Que lire après Simple promesse : Choix de poèmes, 1908-1937Voir plus
Critiques, Analyses et Avis (1) Ajouter une critique
Simple promesse est une anthologie de quelques-uns des plus beaux poèmes qu'Ossip Mandelstam a écrits de 1908 à 1937, choix de textes tirés d'une oeuvre poétique essentielle, incontournable.

Avant d'être arrêté pour s'en être pris publiquement à Staline, d'être condamné en 1934 à l'exil et de connaître la mort par épuisement dans un camp de travail en décembre 1938, Ossip Mandelstam est un écrivain isolé, indocile, en opposition au pouvoir autoritaire en place mais aussi au symbolisme et au futurisme littéraires en pleine vogue à l'époque.
Au premier, il reproche un goût excessif pour la hauteur et de l'esthétisme, qui confine l'écriture distancée de la vie dans ce qu'elle a de plus simple. Avec le second, Il se méfie des bruyantes déclarations invitant à la rupture totale avec le passé et à l'avènement d'un art utilitaire et progressiste.
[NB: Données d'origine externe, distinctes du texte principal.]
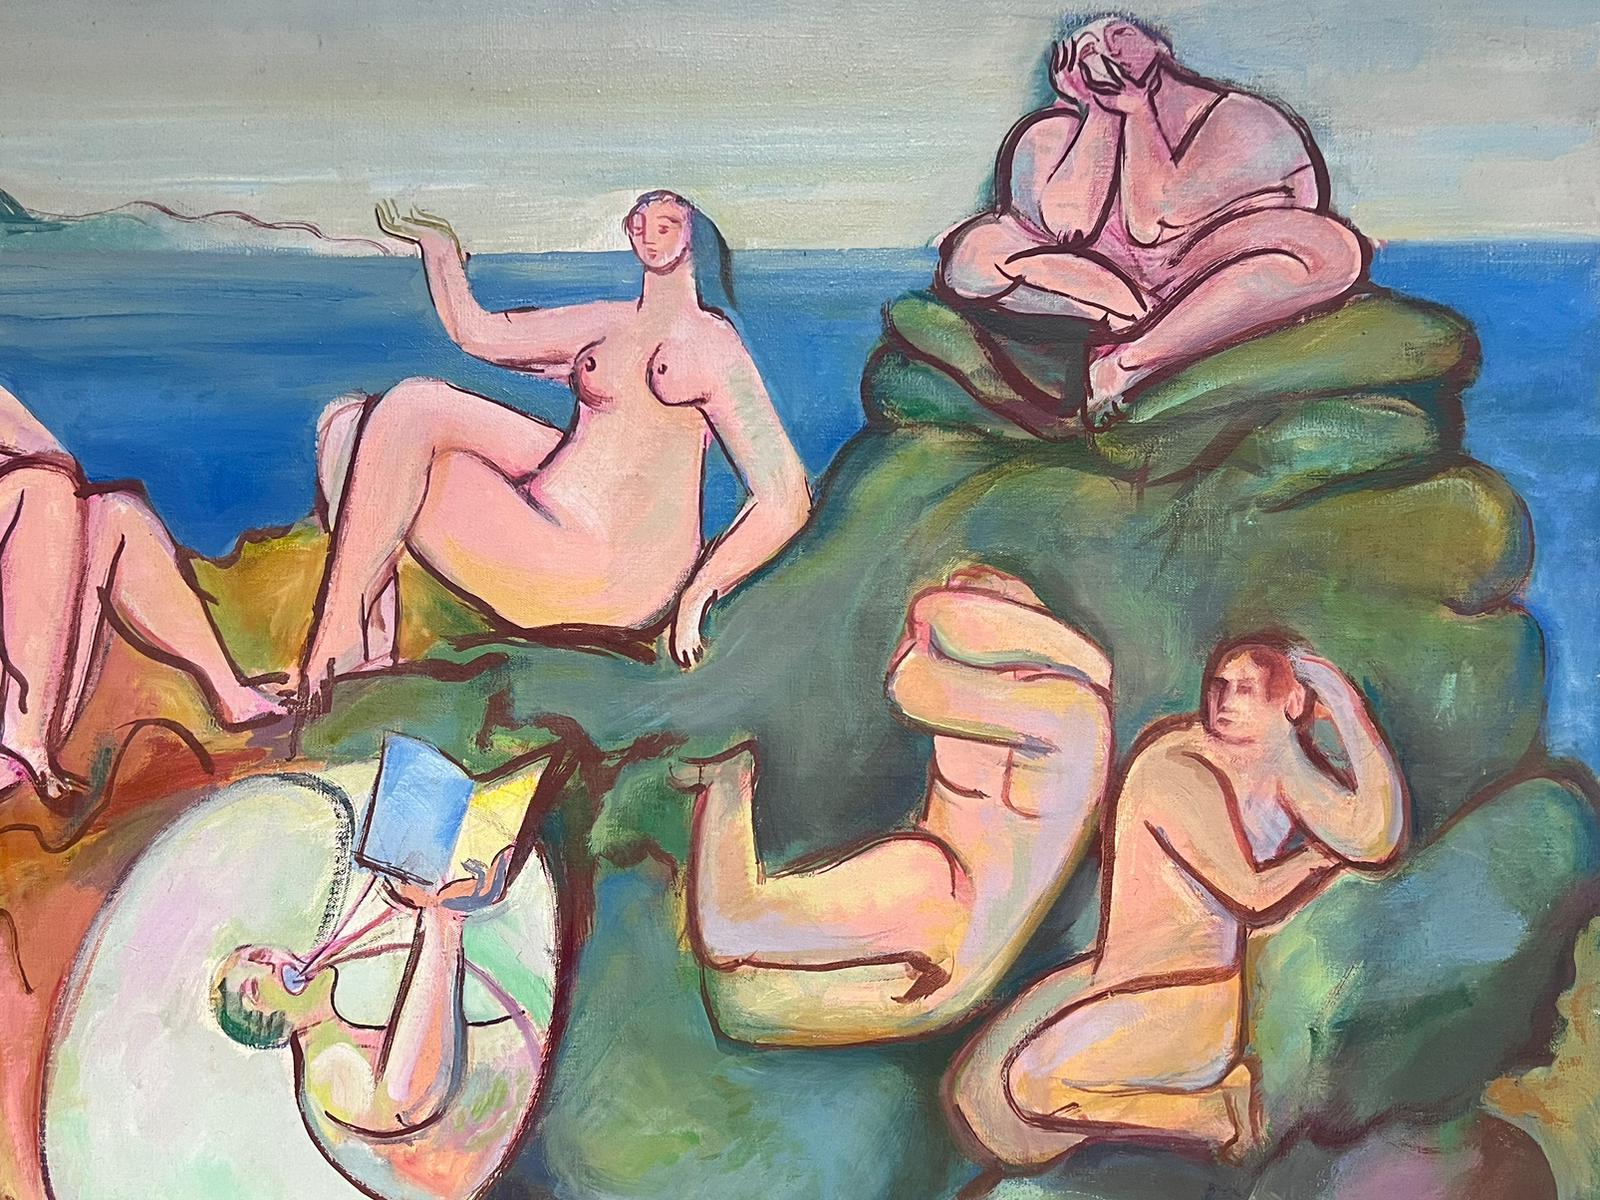 Énormes nus mythologiques à l'huile de style moderniste français des années 1950 sur la côte rocheuse - Painting de circle of Pablo Picasso

Mandelstam lui veut revenir au langage, au mot en tant que tel, dans sa combinaison complexe faite de sens et de sonorité, aux mots qui ne peuvent être considérés comme les seuls instruments au service de la conscience. Pour Ossip Mandelstam, le mot est comme un organe vivant, un moteur d'énergie : réceptacle en même temps que producteur de réalités multiples.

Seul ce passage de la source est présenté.